Drug resistance analysis
Drug resistance profiles were analyzed using the HIVdb program from the Stanford University HIV Drug Resistance Database.The identified drug resistance mutations (DRMs) were categorized according to four drug classes: protease inhibitors (PIs), nucleoside reverse-transcription inhibitors (NRTIs), non-nucleoside reverse-transcription inhibitors (NNRTIs), and integrase strand transfer inhibitors (INSTIs). Resistance levels were classified into five categories(susceptible, potential low, low level, intermediate-level, and high-level drug resistance.
Results
Phylogenetic analysis of the NFLGs sequences
The five NFLG sequences, obtained from five epidemiologically unlinked individuals were 9094, 8841, 9071, 9026 and 9110 nt in size for strain NY24225, NY23025, NY23052, ZZS24046 and XYPQ24008 respectively, spanning from the 5’ long terminal repeat (LTR) to part of the 3’ LTR(corresponding to nucleotides 686–9565 in HXB2 strain). These sequences have been deposited in GenBank under accession numbers PV363678 to PV363682. The ML phylogenetic tree analysis revealed that all five sequences formed a tight, distinct monophyletic clade, clearly separated from all previously identified HIV-1 0107 CRFs (Fig. 1A).
Recombinant breakpoint analysis
The mosaic structures were further analyzed using bootscanning analysis. The analyses confirmed that these sequences shared a consistent recombination pattern, characterized by four inserted CRF07_BC fragments within a CRF01_AE backbone (Fig. 1B). The genome was segmented into nine distinct regions separated by eight breakpoints. A schematic representation of the CRF188_0107 mosaic structure was generated using the Recombinant HIV-1 Drawing Tool from Los Alamos HIV Sequence Database (Fig. 1C). The NFLG structure comprises the following subregions: I01_AE (686-2585nt), II07_BC (2586-2825nt), III01_AE (2826-3045nt), IV07_BC (3046-4905nt), V01_AE (4906-5625nt), VI07_BC (5626-6025nt), VII01_AE (6026-6465nt), VIII07_BC (6466-8785nt), IX01_AE (8786-9565nt).
Subregion phylogenetic tree analysis
Recent studies have established standardized criteria for classifying and naming HIV-1 subtypes of CRF01_AE and CRF07_BC in China, highlighting their complex recombination patterns and evolutionary trajectories[8]. Against this background, we conducted a detailed subregion phylogenetic analysis to elucidate the parental origins of a novel recombinant strain.
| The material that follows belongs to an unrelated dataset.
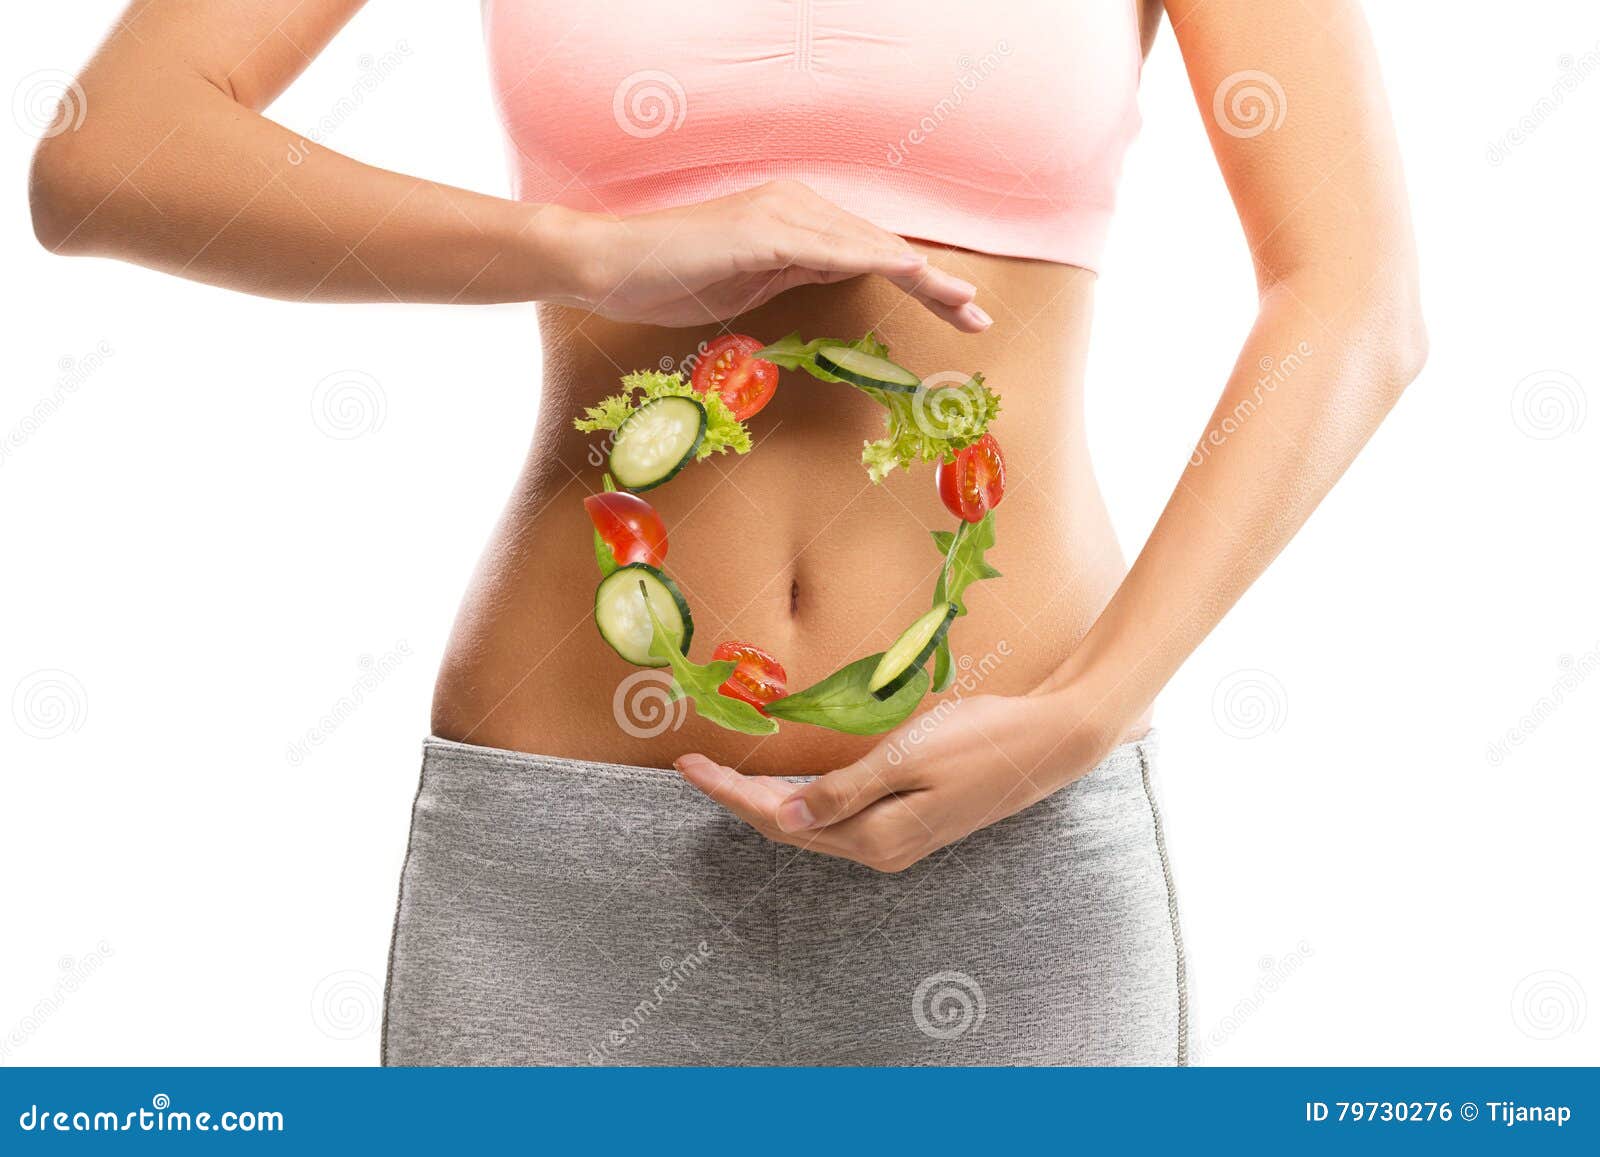 fit, young woman holding a circle made out of vegetables

Subregion phylogenetic analyses of the nine genomic segments revealed strong phylogenetic clustering with reference strains of CRF01_AE or CRF07_BC supported by high bootstrap values. respectively. Segments I and V both clustered with CRF01_AE sublineage C4, while segments III, VII, and IX grouped with non-subtyped CRF01_AE strains. In contrast, segment II, IV, VI, and VIII exhibited close affinity of CRF07_BC references (Fig. 2). Based on established classification criteria for CRFs, these epidemiologically unlinked HIV-1 sequences fulfill the requirements for designation as a novel CRF, which was named CRF188_0107, This strain displays a mosaic genome structure in which the pol, env, tat, vpr and rev genes originate from both CRF01_AE and CRF07_BC, while the gag, vif, vpu and nef genes are derived exclusively from CRF01_AE.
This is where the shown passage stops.